Then, it all falls apart in a split second. Maybe you head up to the bar to pay the bill, or head to the washroom for a quick piss before you take her home, and when you come back she’s pressed up against the wall getting a tongue rammed down her throat by some huge muscular dude while she stuffs her hand down his pants and jerks him off. And that’s it! Your world is over.

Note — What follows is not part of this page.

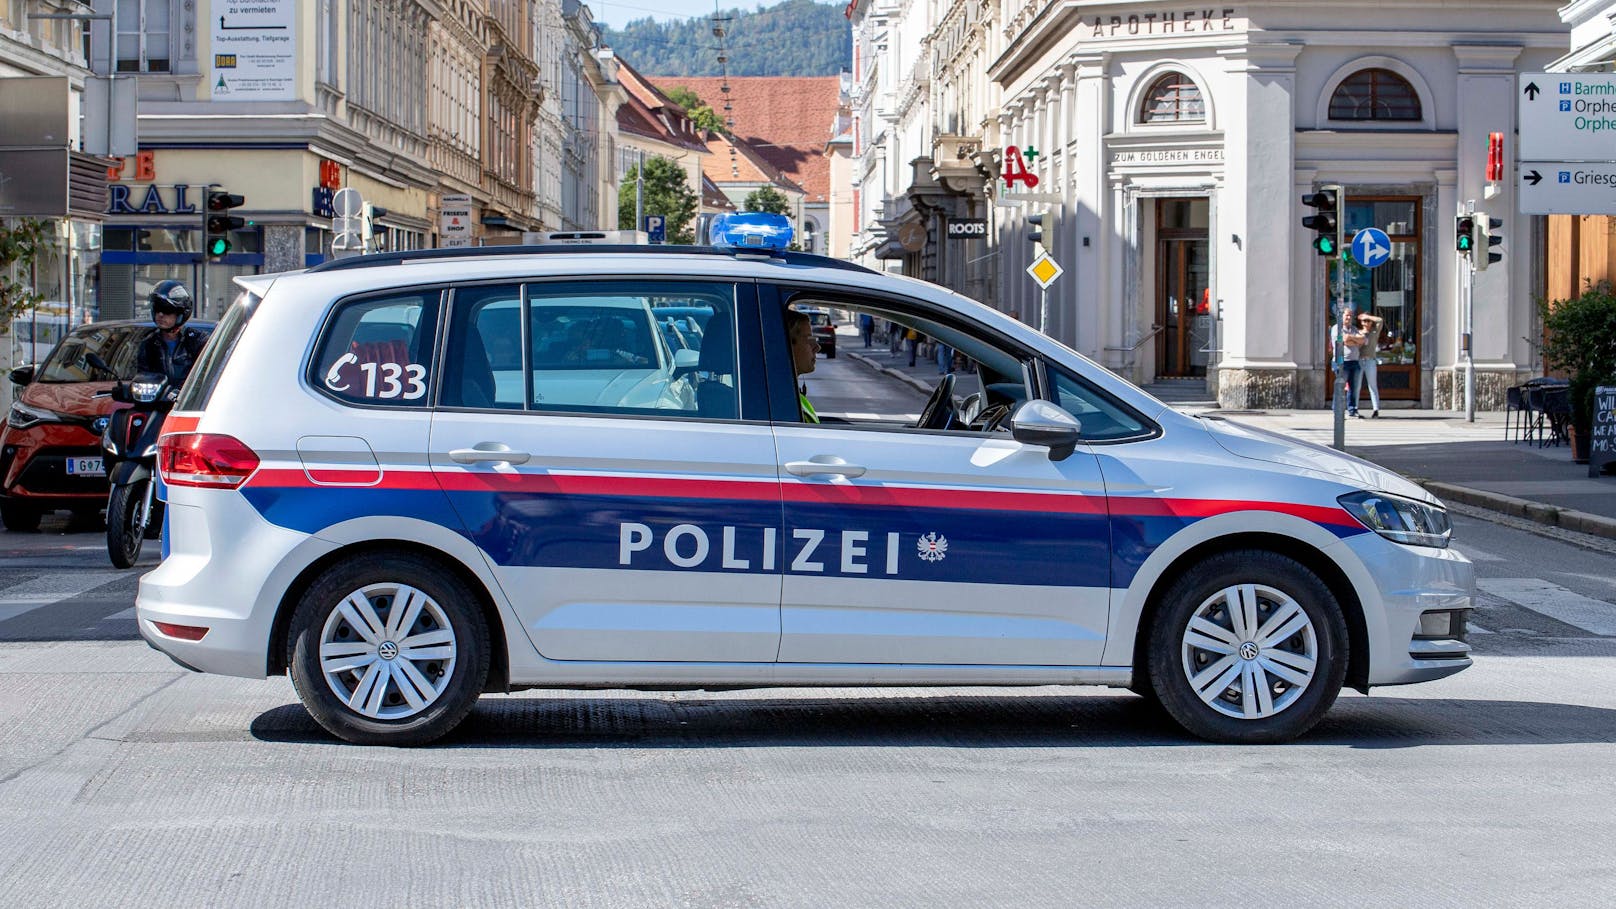 Die Polizei in Graz nahm am Sonntag einen Einbrecher fest, der im Geschäft eingeschlafen war. (Symbolbild)

You’ll never even get another chance to talk to a girl that hot, and there is no way you can fight the guy over her because he’s one of those jacked-up dominant male monkey type of guys, and he’s sure to kick your ass. You’re so hard up now that you can’t even hit on one of her semi-hot friends because you’ve spent the whole night ignoring them and now some other loser has already swooped in and picked them up. You’ve been cock blocked on all angles. Even the really ugly female rugby player is getting it on at the dance floor with the only lesbian in the entire bar, so you can’t even stoop to that level and go for a double bagger. You’re absolutely hopeless, and there is no chance in hell you’re getting laid tonight. It’s the cockblocalypse; the end of your hard-on as you know it.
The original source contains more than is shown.